Aim of the exercise:
Give the listing again exactly, omitting its images.

Collected material:
+++

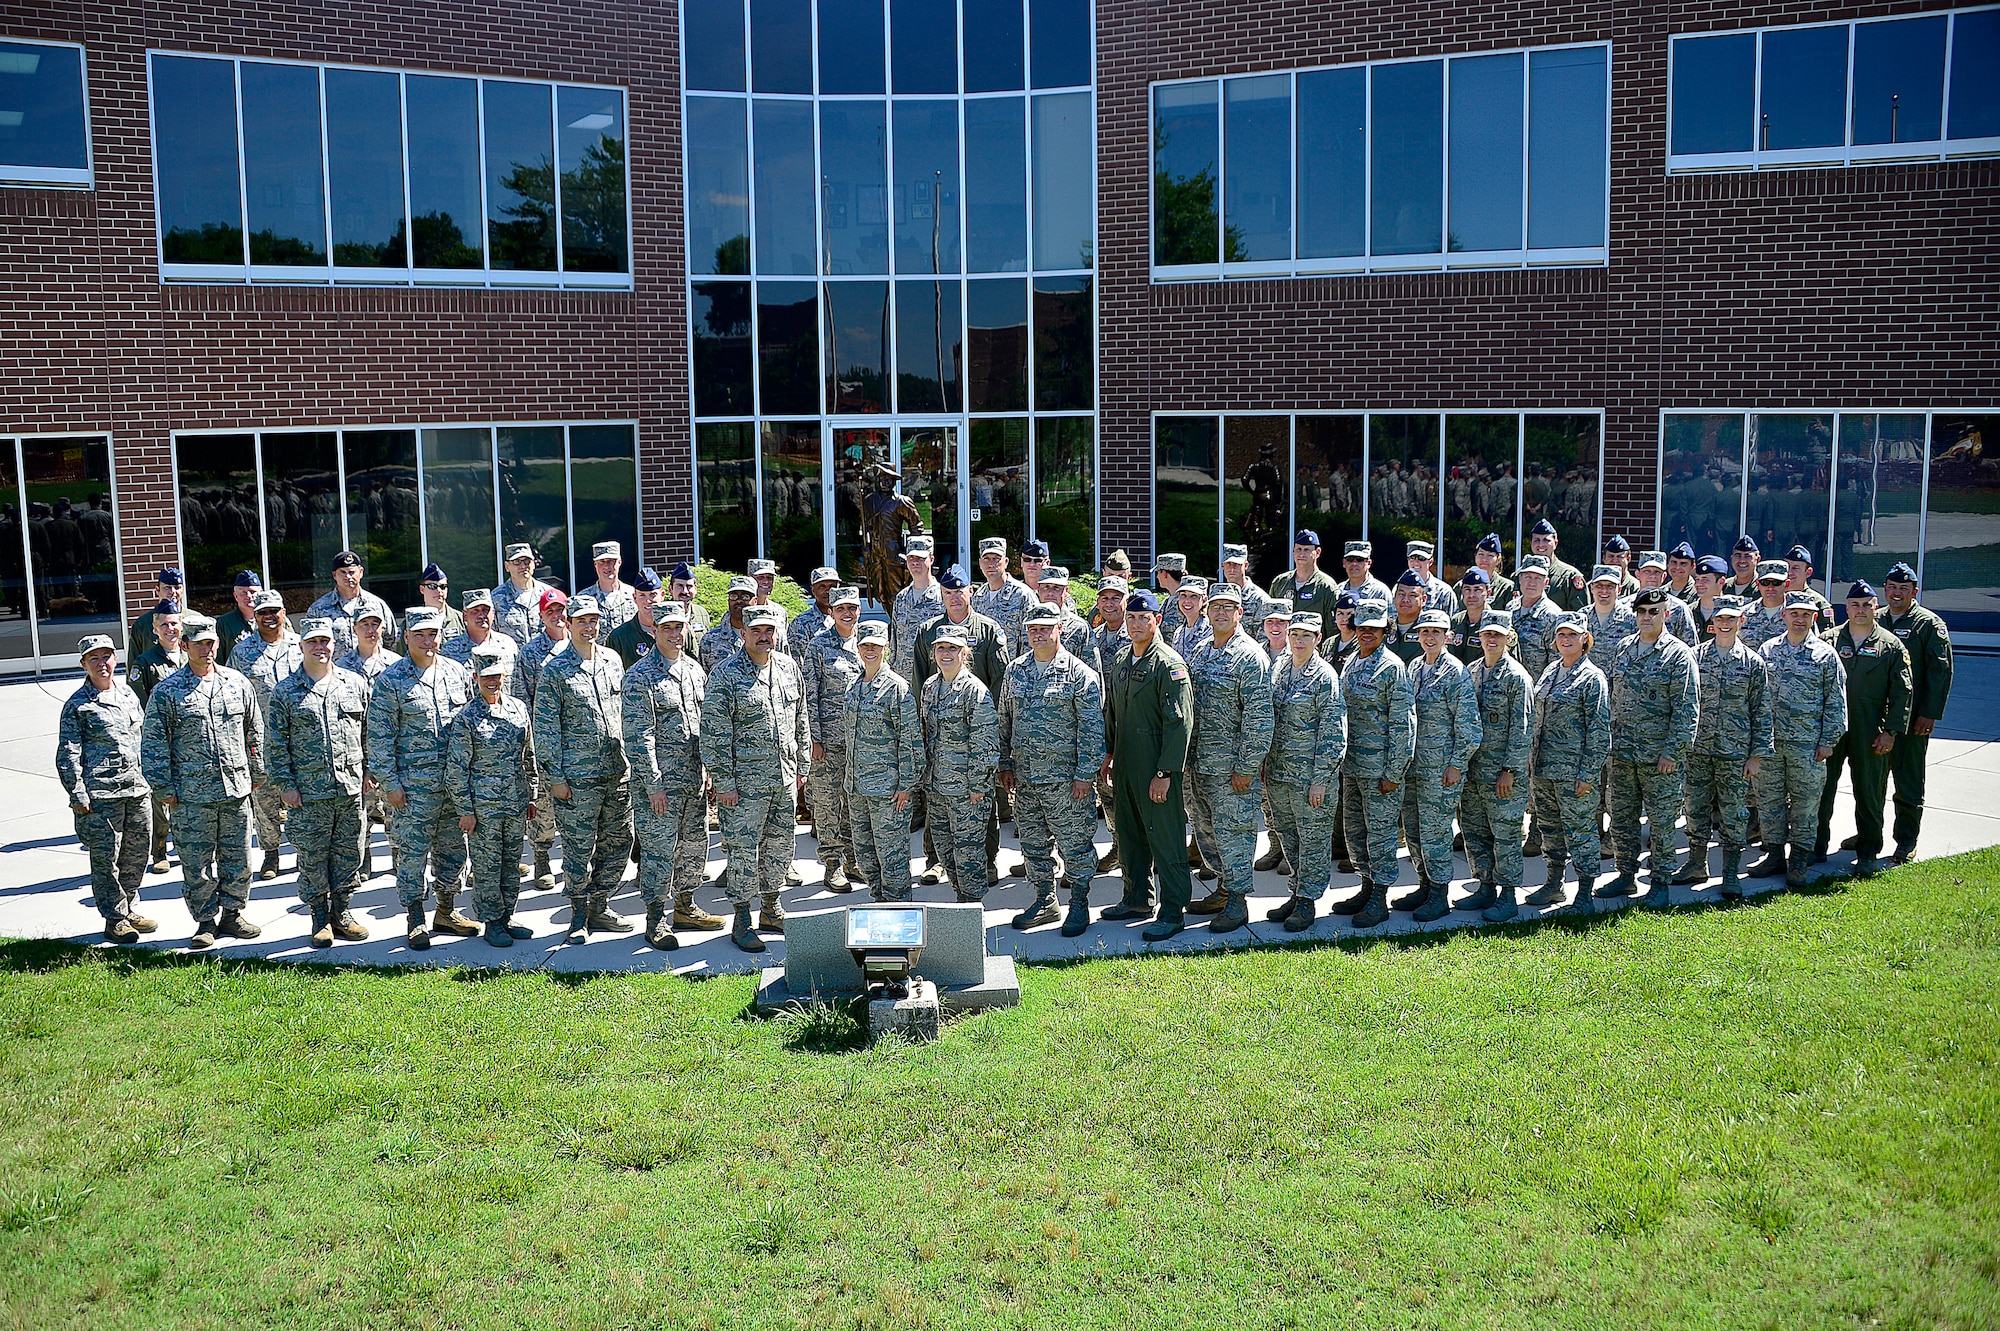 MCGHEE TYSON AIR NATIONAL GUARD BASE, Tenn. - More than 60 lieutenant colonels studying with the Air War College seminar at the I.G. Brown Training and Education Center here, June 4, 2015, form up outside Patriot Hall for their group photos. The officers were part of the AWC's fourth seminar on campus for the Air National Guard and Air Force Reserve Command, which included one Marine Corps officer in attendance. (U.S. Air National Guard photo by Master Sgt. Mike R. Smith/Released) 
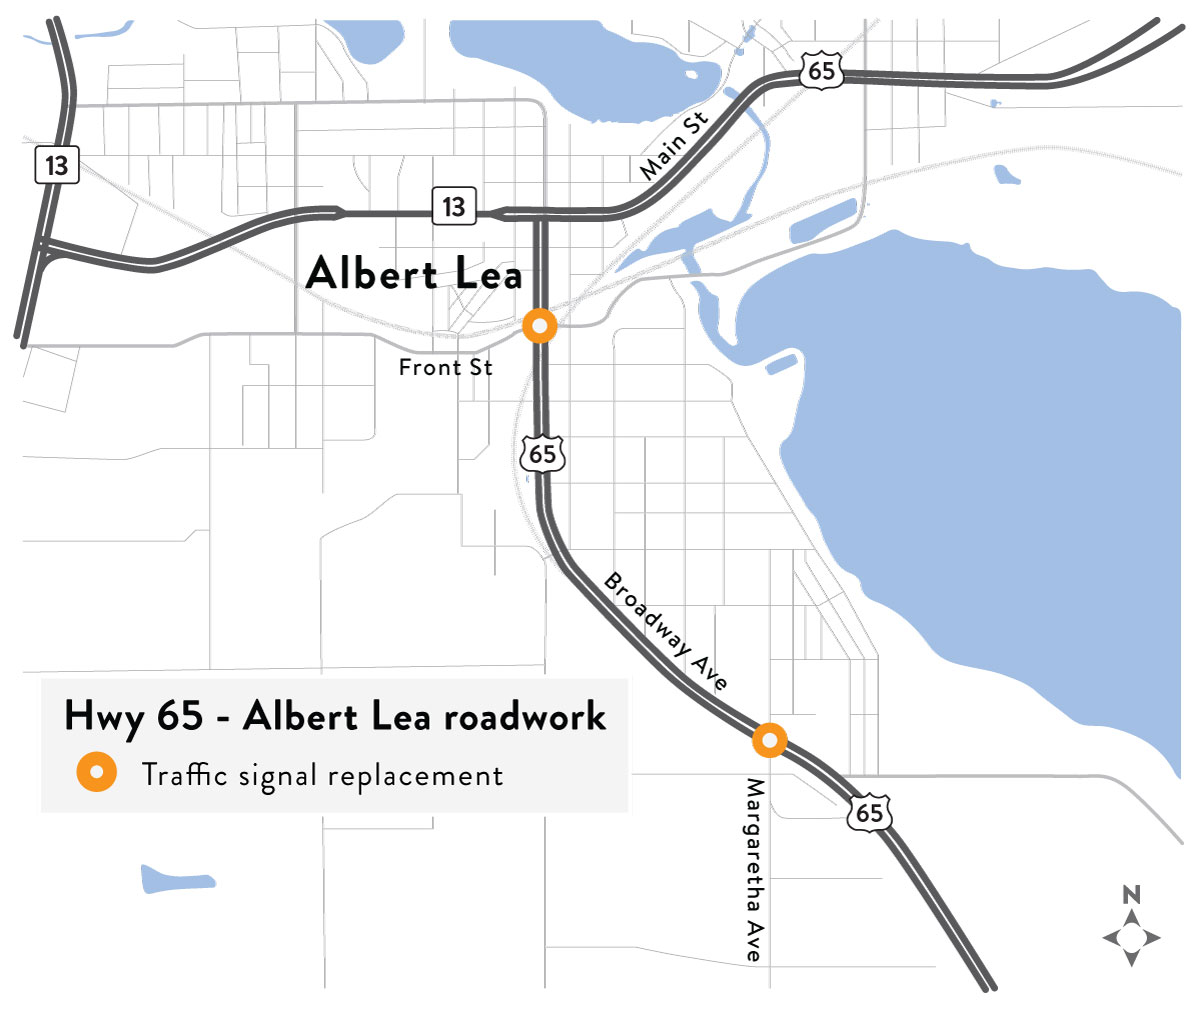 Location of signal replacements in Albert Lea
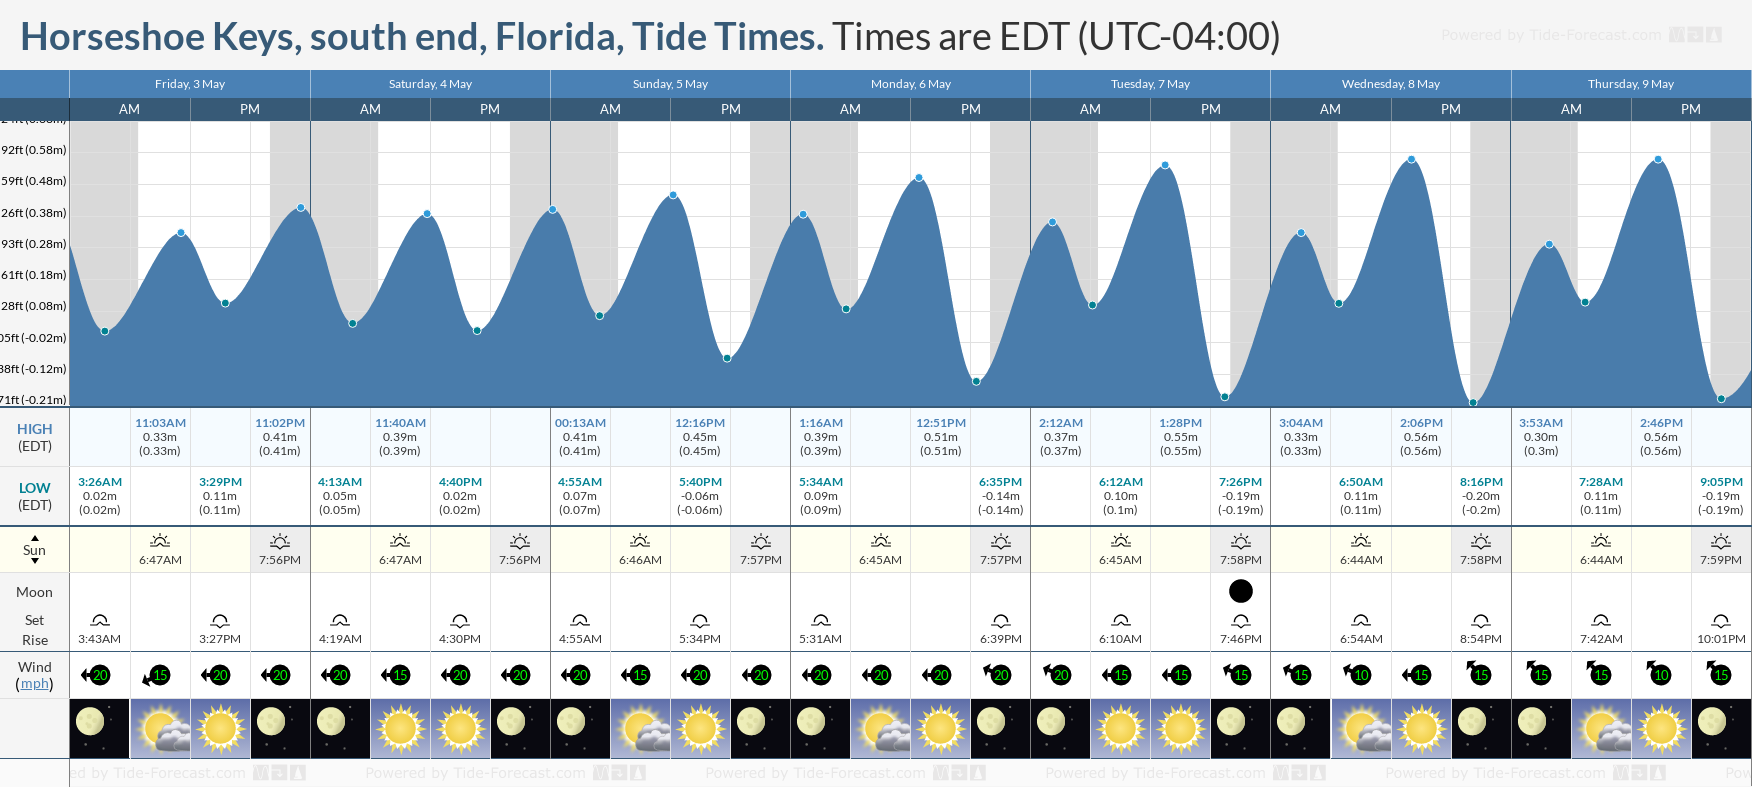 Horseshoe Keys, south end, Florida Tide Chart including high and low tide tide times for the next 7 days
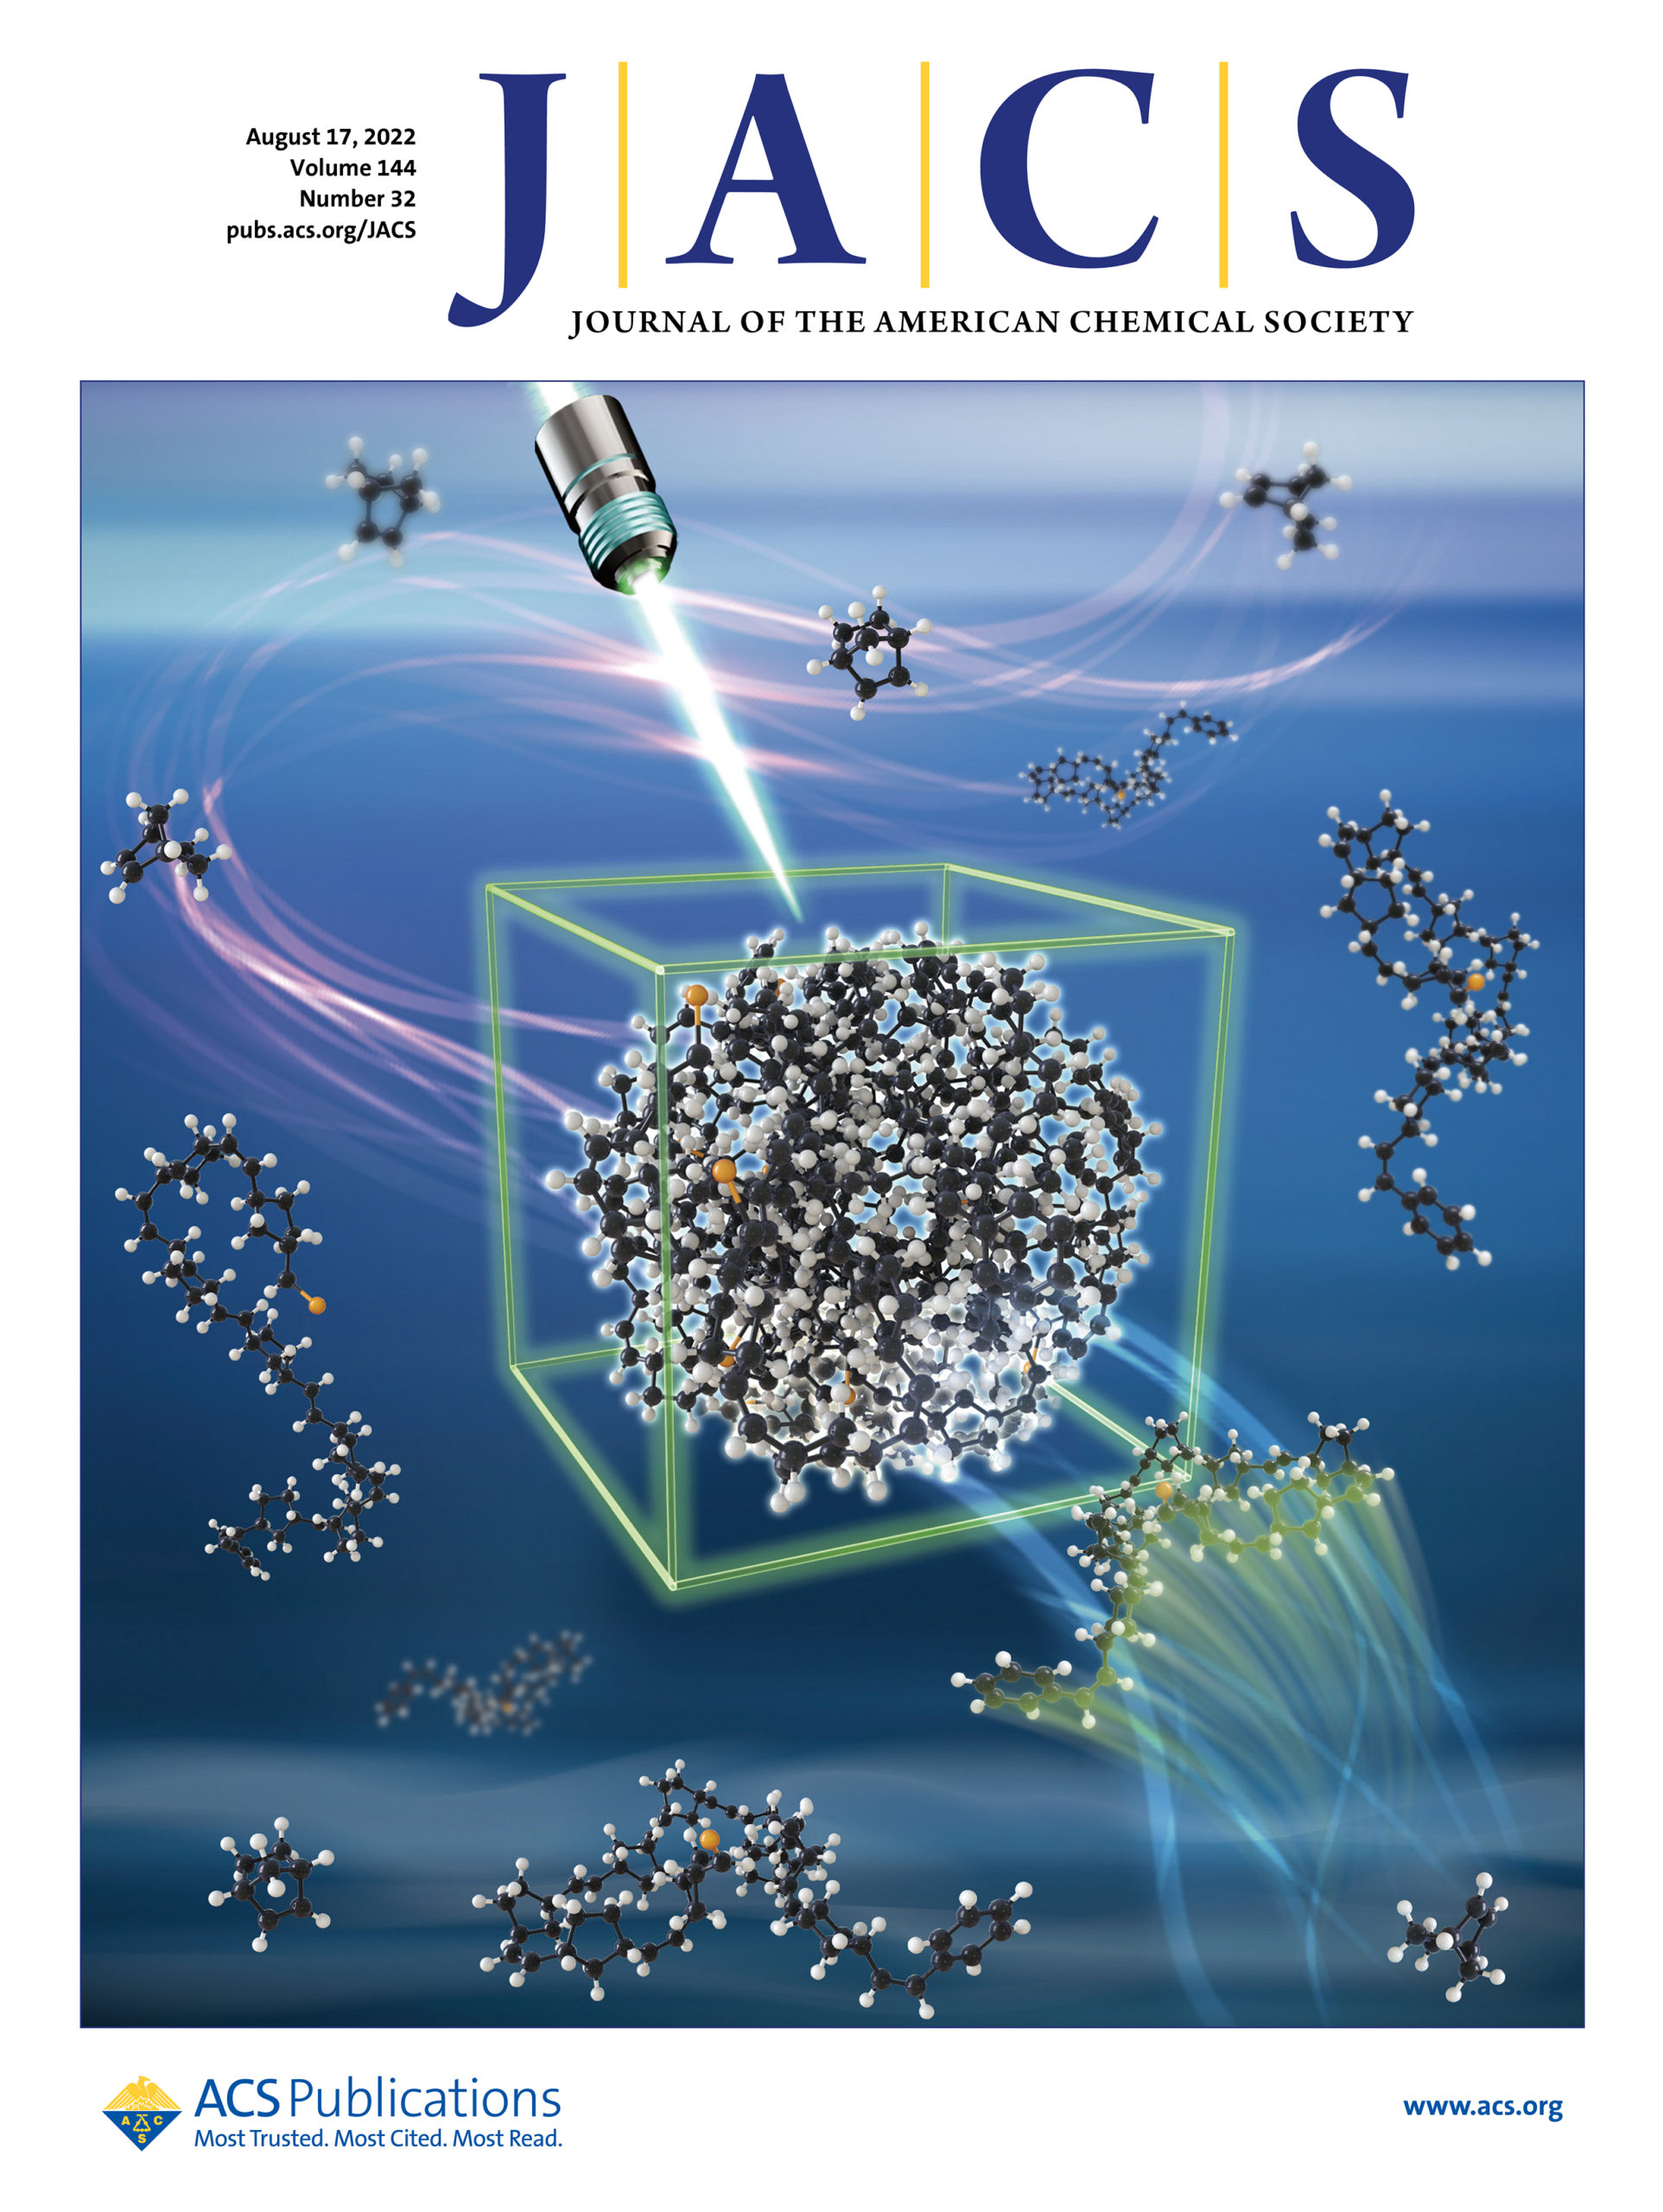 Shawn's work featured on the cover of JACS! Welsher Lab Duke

+++

Task response:
 MCGHEE TYSON AIR NATIONAL GUARD BASE, Tenn. - More than 60 lieutenant colonels studying with the Air War College seminar at the I.G. Brown Training and Education Center here, June 4, 2015, form up outside Patriot Hall for their group photos. The officers were part of the AWC's fourth seminar on campus for the Air National Guard and Air Force Reserve Command, which included one Marine Corps officer in attendance. (U.S. Air National Guard photo by Master Sgt. Mike R. Smith/Released) 
 Location of signal replacements in Albert Lea
 Horseshoe Keys, south end, Florida Tide Chart including high and low tide tide times for the next 7 days
 Shawn's work featured on the cover of JACS! Welsher Lab Duke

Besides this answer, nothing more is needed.